Entire class of girls had been mutilated

A whole class of schoolgirls in Norrköping were found to have been subjected to female genital mutilation (FGM).

But a researcher is not surprised, and says the mutilation probably happened before the girls' families came to Sweden, and so is not illegal.

From last autumn Norrköping is a pilot municipality for Östergötland county council's work against so-called honour violence. This as part of a ten-year-old government order to the county.

Since March 2014 around 60 cases of FGM have been discovered in Norrköping, including a class where all 30 girls had suffered this mutilation. And 28 had been subjected to the worse form of abuse, where the clitoris and inner labia was cut away and the vulva sewn together to leave a tiny opening.

It was the school nurse who discovered that the girls had been injured in this way. The county council programme against "honour violence" involves extra education for school staff, so such abuse can be more easily discovered.
Since 1982 FGM has been illegal in Sweden. Since 1999 it is also punishable even of carried out abroad.
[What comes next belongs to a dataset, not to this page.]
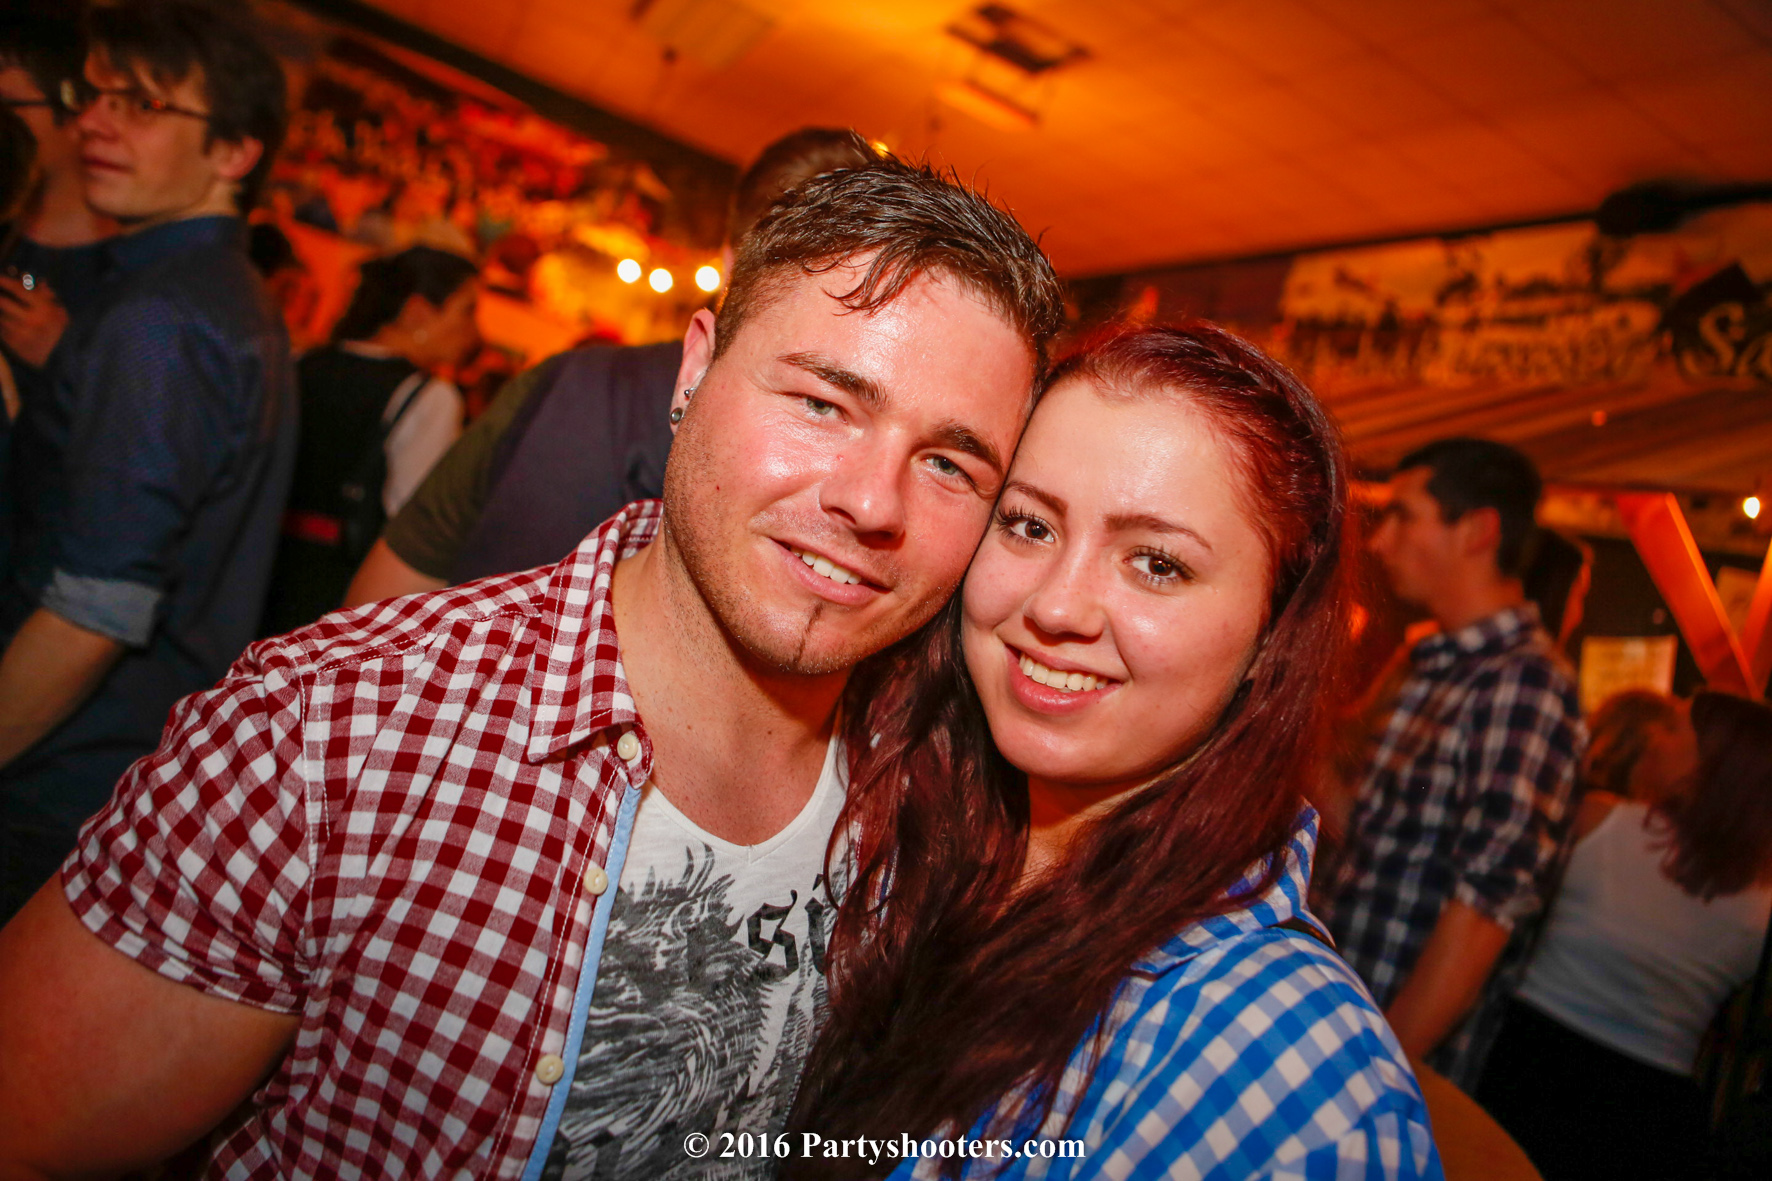 0103 - 4123 - Fruehlingsball Aspach
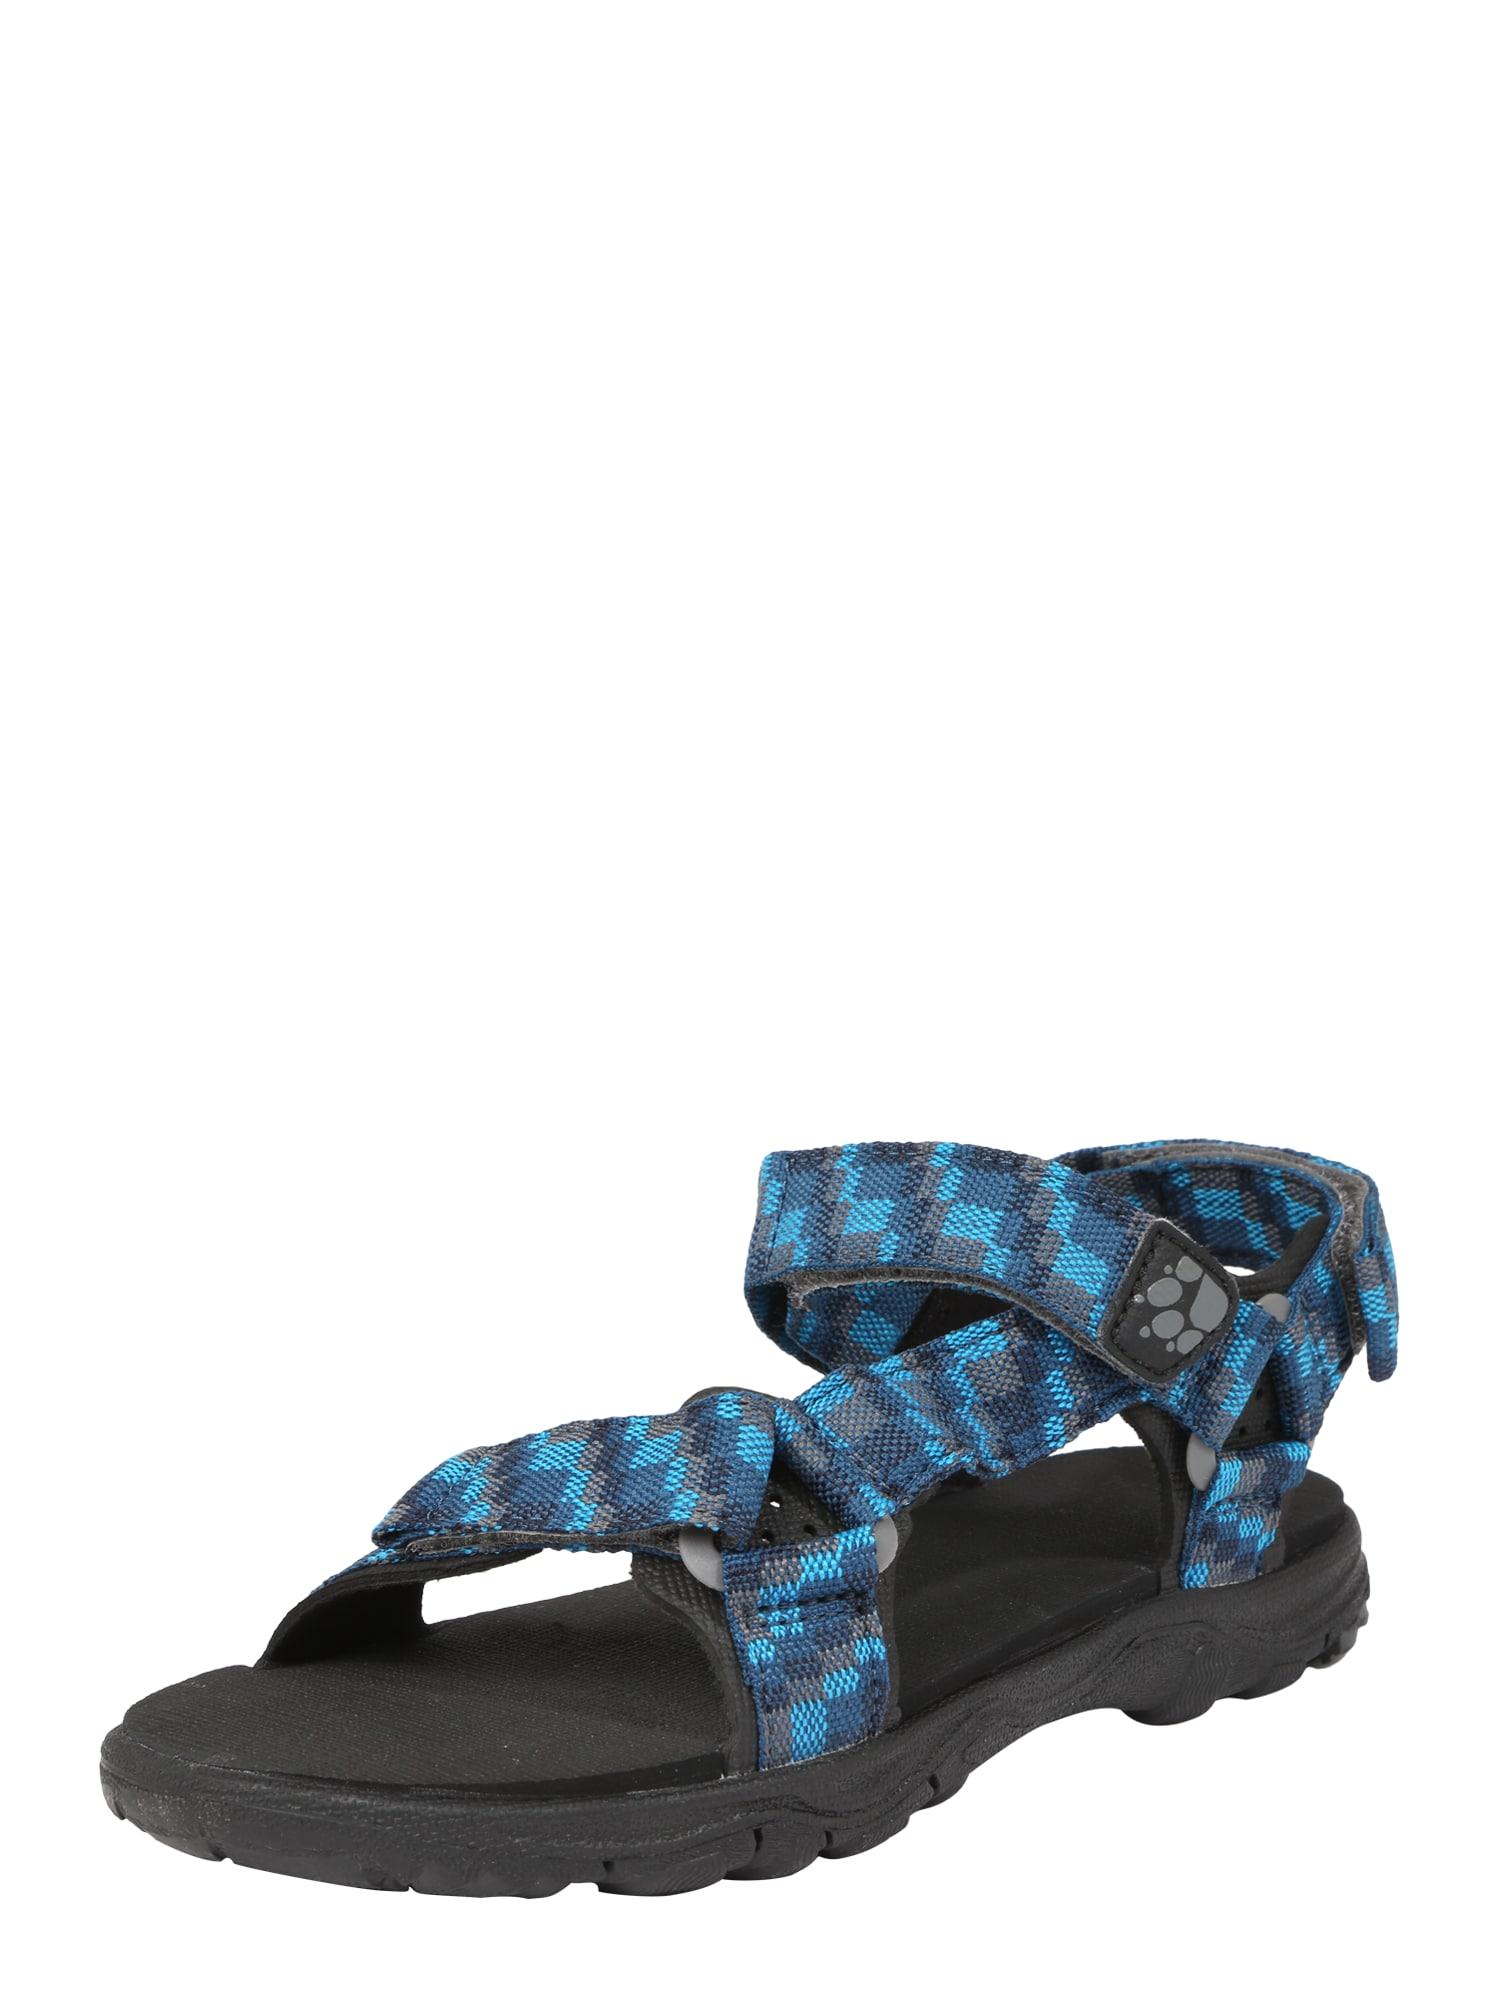 JACK WOLFSKIN Sandalai 'Seven Seas 2' mėlyna / juoda

Local paper Norrköpings Tidningar reports that social services have now allocated extra resources to help the abused girls.

"We try to tell parents that they can be sent to prison if they come back from a trip abroad and the child has been subject to FGM," says Petra Blom Andersson at the centre for school pupils' health in Norrköping, to Norrköpings Tidningar.

But researcher Sara Johnsdotter says to news agency TT that she does not think the girls' parents have committed a crime, "If it happens abroad before the person has become a Swedish citizen or come to Sweden then it is not illegal." She says the important thing now is to see the girls are treated well.

"You don't have to have respect for the practice, but for the people who are affected by the practice," says Sara Johnsdotter, researcher in medical anthropology at Malmö University to news agency TT.

She says this is a non-story for her, and she would be surprised if all the girls were not subject to FGM, considering which country they come from.

The World Health Organisation says over 125 million girls and women alive today have been subjected to FGM in Africa and the Middle East.

No one knows to what extent girls in Sweden have been subjected to this form of abuse.